Standardized Nursing Language: What Does It Mean for Nursing Practice?

I'm having difficulty with students struggling to find the exact NANDA dx for their patient's problems. Rather than reason through their assessment data and synthesize in their own minds their patient's problems, I see them thumbing through NANDA to find a diagnosis that "fits".

Language has two functions (it seems to me): First... we communicate our thoughts to others (I think this is where NANDA is most significant) and second... it is the way we put sensory data together, retain and categorize it in the cortex. Here I'm finding NANDA to be a hindrance.

I don't think this is what the originators intended. Am I the only educator encountering this?

Specializes in LTC, Education, Management, QAPI.
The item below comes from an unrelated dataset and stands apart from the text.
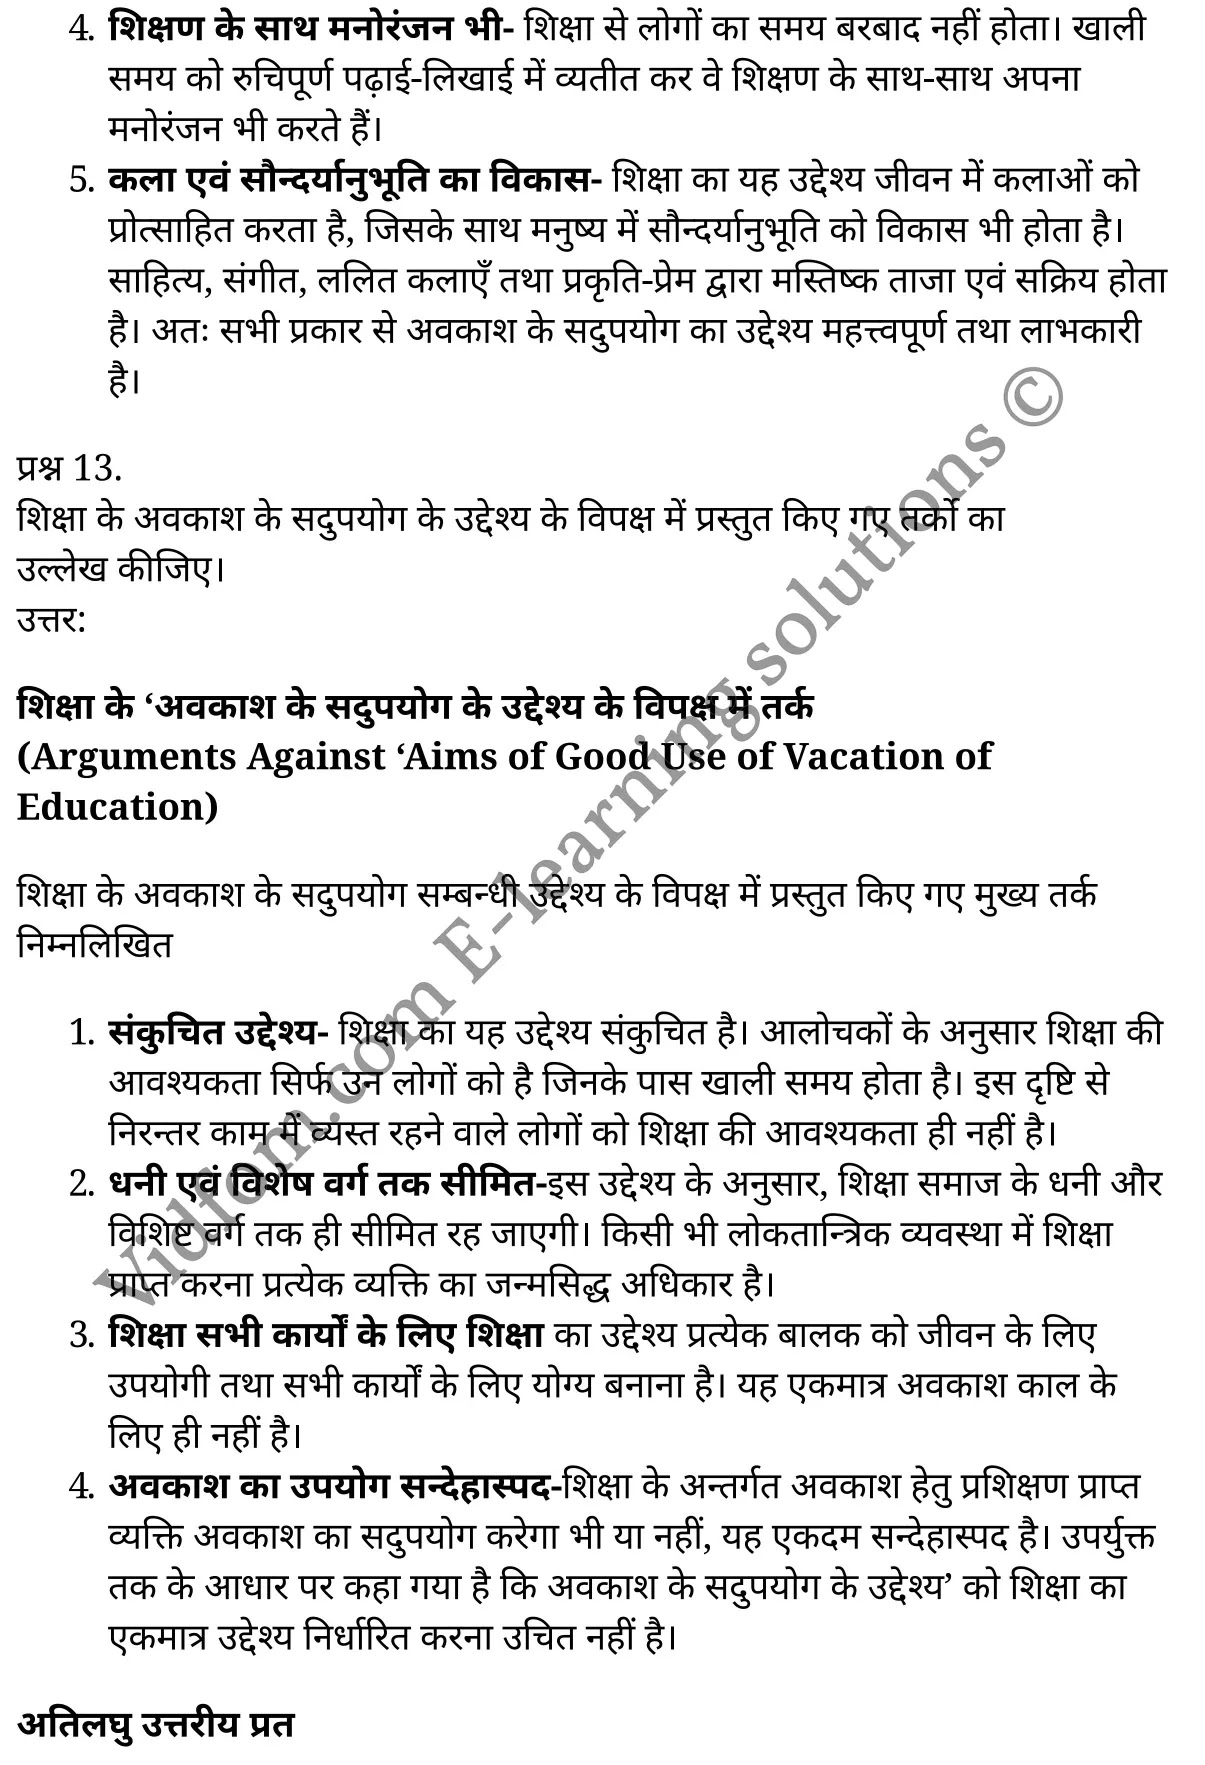 कक्षा 11 शिक्षाशास्त्र के नोट्स हिंदी में एनसीईआरटी समाधान, class 11 Pedagogy chapter 3, class 11 Pedagogy chapter 3 ncert solutions in Pedagogy, class 11 Pedagogy chapter 3 notes in hindi, class 11 Pedagogy chapter 3 question answer, class 11 Pedagogy chapter 3 notes, class 11 Pedagogy chapter 3 class 11 Pedagogy chapter 3 in hindi, class 11 Pedagogy chapter 3 important questions in hindi, class 11 Pedagogy hindi chapter 3 notes in hindi, class 11 Pedagogy chapter 3 test, class 11 Pedagogy chapter 3 class 11 Pedagogy chapter 3 pdf, class 11 Pedagogy chapter 3 notes pdf, class 11 Pedagogy chapter 3 exercise solutions, class 11 Pedagogy chapter 3, class 11 Pedagogy chapter 3 notes study rankers, class 11 Pedagogy chapter 3 notes, class 11 Pedagogy hindi chapter 3 notes, class 11 Pedagogy chapter 3 class 11 notes pdf, class 11 Pedagogy chapter 3 class 11 notes ncert, class 11 Pedagogy chapter 3 class 11 pdf, class 11 Pedagogy chapter 3 book, class 11 Pedagogy chapter 3 quiz class 11 , 11 th class 11 Pedagogy chapter 3 book up board, up board 11 th class 11 Pedagogy chapter 3 notes, class 11 Pedagogy, class 11 Pedagogy ncert solutions in Pedagogy, class 11 Pedagogy notes in hindi, class 11 Pedagogy question answer, class 11 Pedagogy notes, class 11 Pedagogy class 11 Pedagogy chapter 3 in hindi, class 11 Pedagogy important questions in hindi, class 11 Pedagogy notes in hindi, class 11 Pedagogy test, class 11 Pedagogy class 11 Pedagogy chapter 3 pdf, class 11 Pedagogy notes pdf, class 11 Pedagogy exercise solutions, class 11 Pedagogy, class 11 Pedagogy notes study rankers, class 11 Pedagogy notes, class 11 Pedagogy notes, class 11 Pedagogy class 11 notes pdf, class 11 Pedagogy class 11 notes ncert, class 11 Pedagogy class 11 pdf, class 11 Pedagogy book, class 11 Pedagogy quiz class 11 , 11 th class 11 Pedagogy book up board, up board 11 th class 11 Pedagogy notes, कक्षा 11 शिक्षाशास्त्र अध्याय 3 , कक्षा 11 शिक्षाशास्त्र, कक्षा 11 शिक्षाशास्त्र अध्याय 3 के नोट्स हिंदी में

I didnt put it together in nursing school what the NANDA's truly did for me. They drove the tasks/ interventions I needed to do for each concern of the patient. Now, we use a different classification system that works better, but I can still write a mean care plan with NANDA's. You have to break the cycle of finding one that "fits". Have them write their care plan backwards, starting with the interventions appropriate for that patients medical problems and have them work backwards. Worked for me. Example: Dx: COPD. WHat do we do for COPD? Give them O2. How much?